For example, if $M$ is a machine with an oracle for the halting problem, then obviously there isn't in general an equivalent machine that can simulate the oracle.

But here is a quote from the Source 2:

If you have an oracle for the halting problem, then you can compute the Busy Beaver function. Given an input $n$, just search through all Turing machines with $n$ states and check whether they halt or not. For the TMs that halt, run them through to completion, and count the number of steps or symbols printed. Keep track of the maximum score. After you have run through all possible Turing machines, you will have the Busy Beaver number.

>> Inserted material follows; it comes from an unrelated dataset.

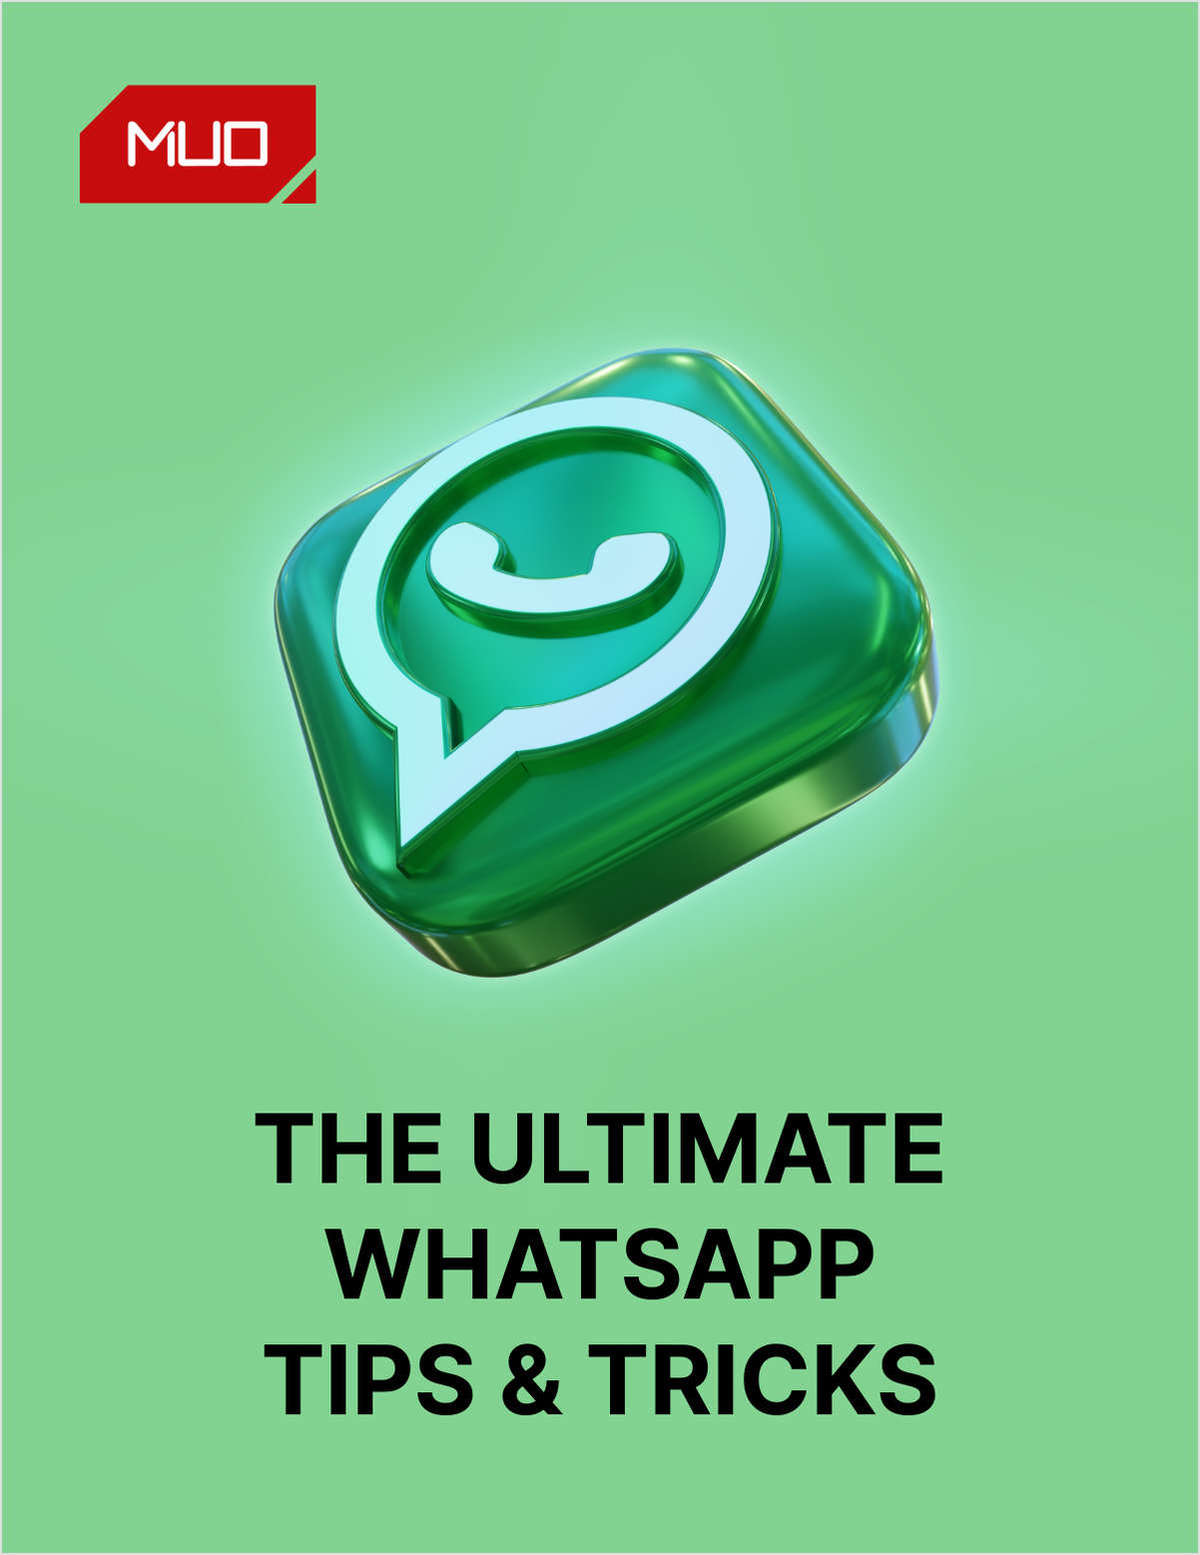 WhatsApp Tips and Tricks for Android and iOS (Free Cheat Sheet)

I can imagine how this would work for the first-order oracle machine simulating a no-oracle machine, but I cannot understand how an oracle machine of the arbitrary order would simulate the lower-order oracle machine, assuming that the simulated machine can also simulate another machine with the arbitrary level of "nested" oracles!

For example, consider the computation process of a 4th-order oracle Turing machine equipped with a halting oracle for the 3rd-order oracle Turing machine. At some moment the program starts simulating some program for, say, 2nd-order machine. But how does the oracle interprets the content on the oracle tape when the simulated program goes into ASK state? If the oracle interprets this content as the question for the 4-th order machine, then the simulation is absolutely meaningless because the answer would not correspond to the answer provided by the simulated (2nd-order) oracle.

But if the mathematically correct simulation cannot be performed, then how would an $x$-th-order Turing machine with a halting oracle for the $(x-1)$-th-order machine compute the Busy Beaver number of any $(x-y)$-th Turing machine (where $1 \geq y \geq x$ and $y$ is a natural number)?

If such simulations can be performed without logical paradoxes, then is it possible to provide a pseudocode (similarly to this answer) that shows how some 5-th order oracle Turing machine obtains a value of $BB_4(x)$, and then the value of $BB_2(x)$?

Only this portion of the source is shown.